Design of sphere seeds for glancing angle deposition

Abstract

Glancing angle deposition (GLAD) is a specific type of physical vapor deposition that has the unique ability to generate three-dimensional nanofeatures in a process-efficient and low-cost manner. Our research group previously demonstrated how line seeds can be strategically implemented to create a variety of novel well-organized nanostructures. In this paper we explore the use of spherical seeds that self-assemble into hexagonally close packed patterns for GLAD seeding. This bottom-up approach is cost-effective and efficient for seeding, and no top-down nanofabrication technique is needed. Although seeding theories appropriate for GLAD nanofabrication are necessary, little theory has been proposed in the literature for three dimensional seeds, and yet most of the seeds used in GLAD are 3D surfaces.
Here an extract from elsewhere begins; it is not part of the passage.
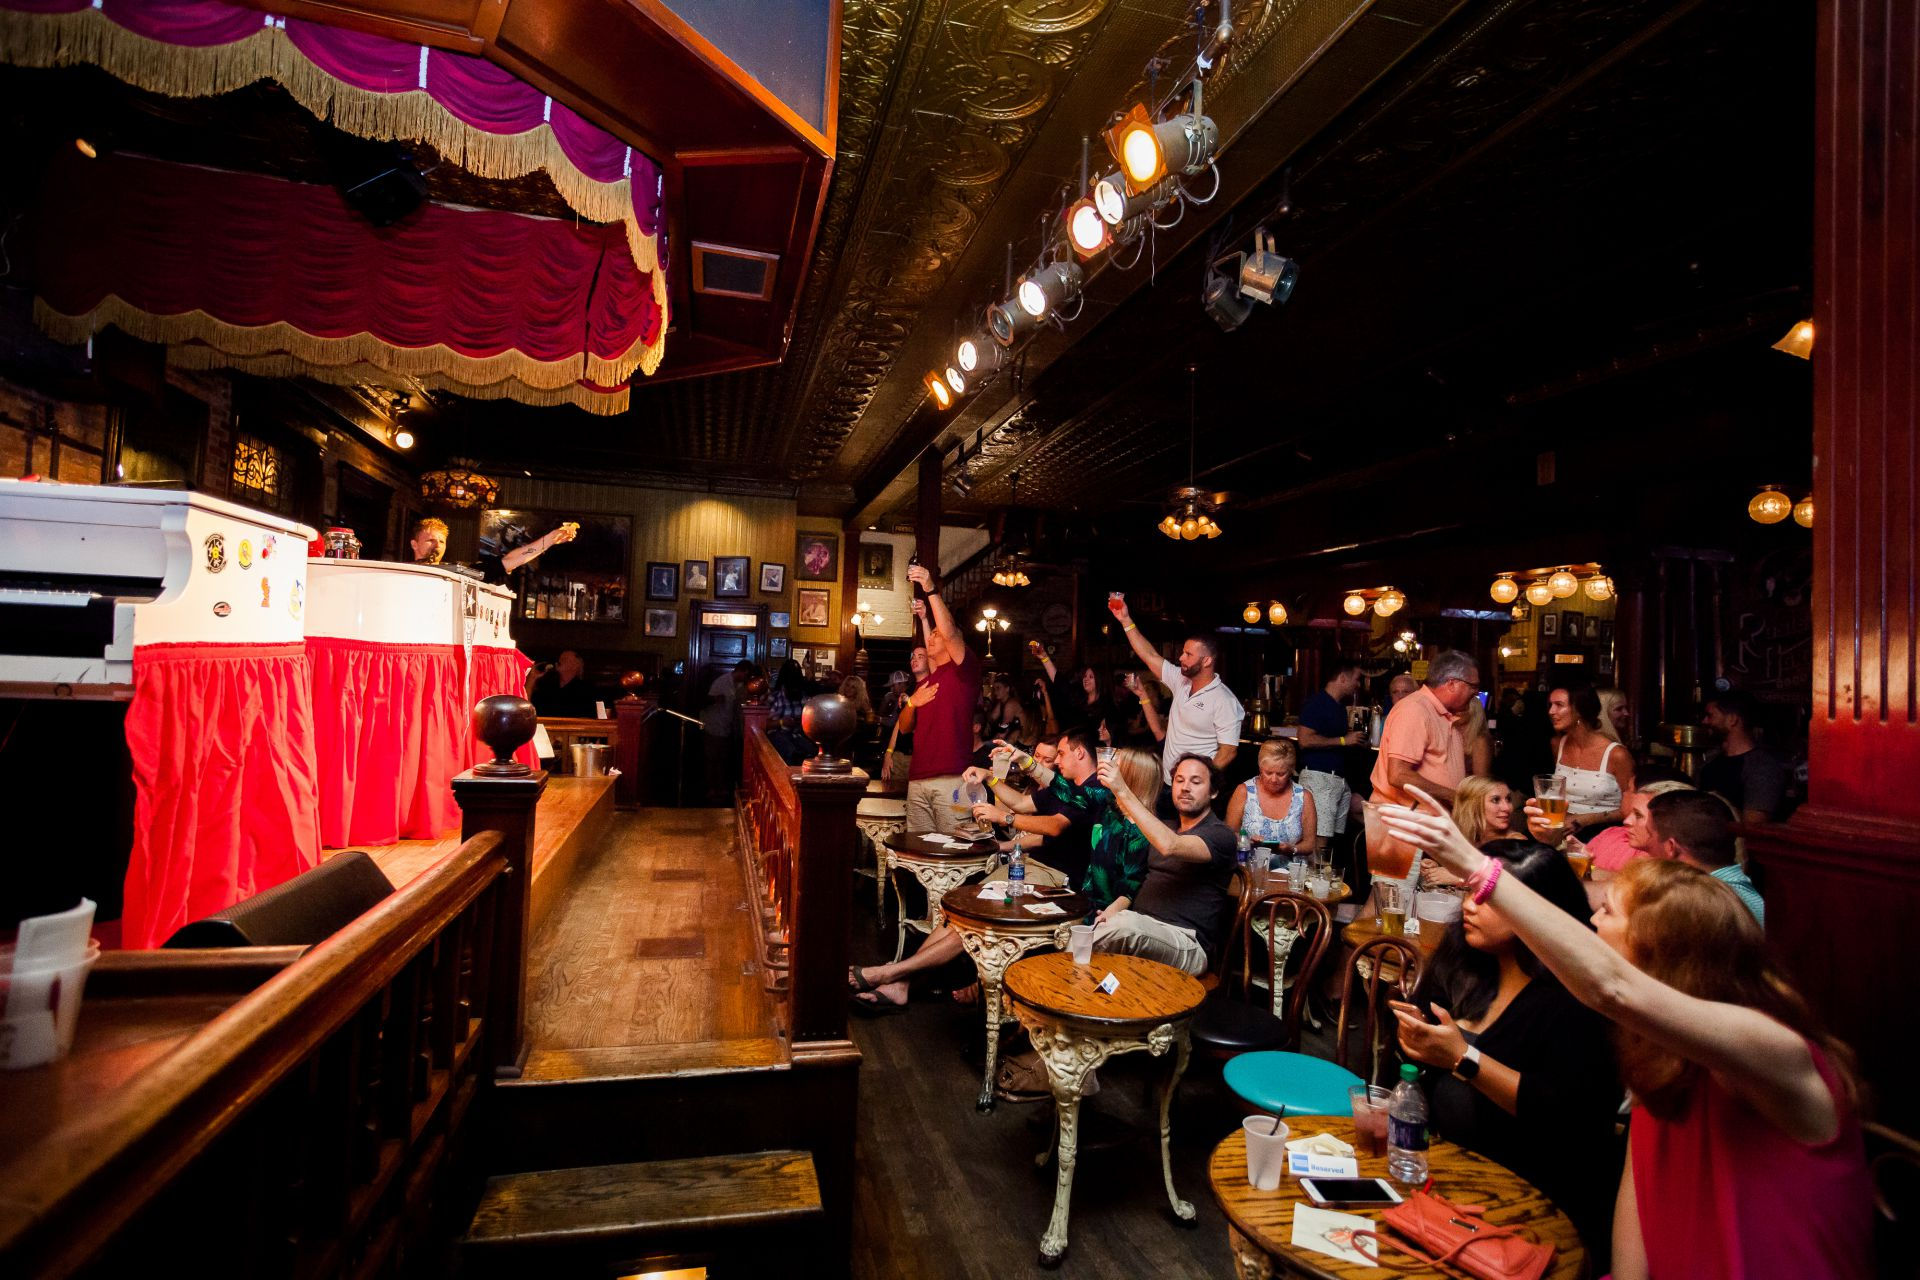 Piano Show at Rosie O'Grady's Bar

In this paper, we introduce a scheme for spherical GLAD seeding, and derive an analytical model for the diameter of nanopillars and percent coverage given process parameters of sphere diameter and incident angle. The model can be used to design sphere seeds, while the percent coverage is used to validate sphere designs as a function of the incident angle. Experimentally, the diameter of the nanopillars depends mostly on the incident angle, while changing the diameter of the spherical seeds has only a minor effect. The nanopillar diameter decreases as the incident angle increases. For example, nanopillars smaller than 100 nm can be grown from 200 nm spheres when the incident angle is at least 85°. Spherical seeds can be used for creating hexagonal periodic patterns of GLAD nanostructures, which have applications in optics and biology.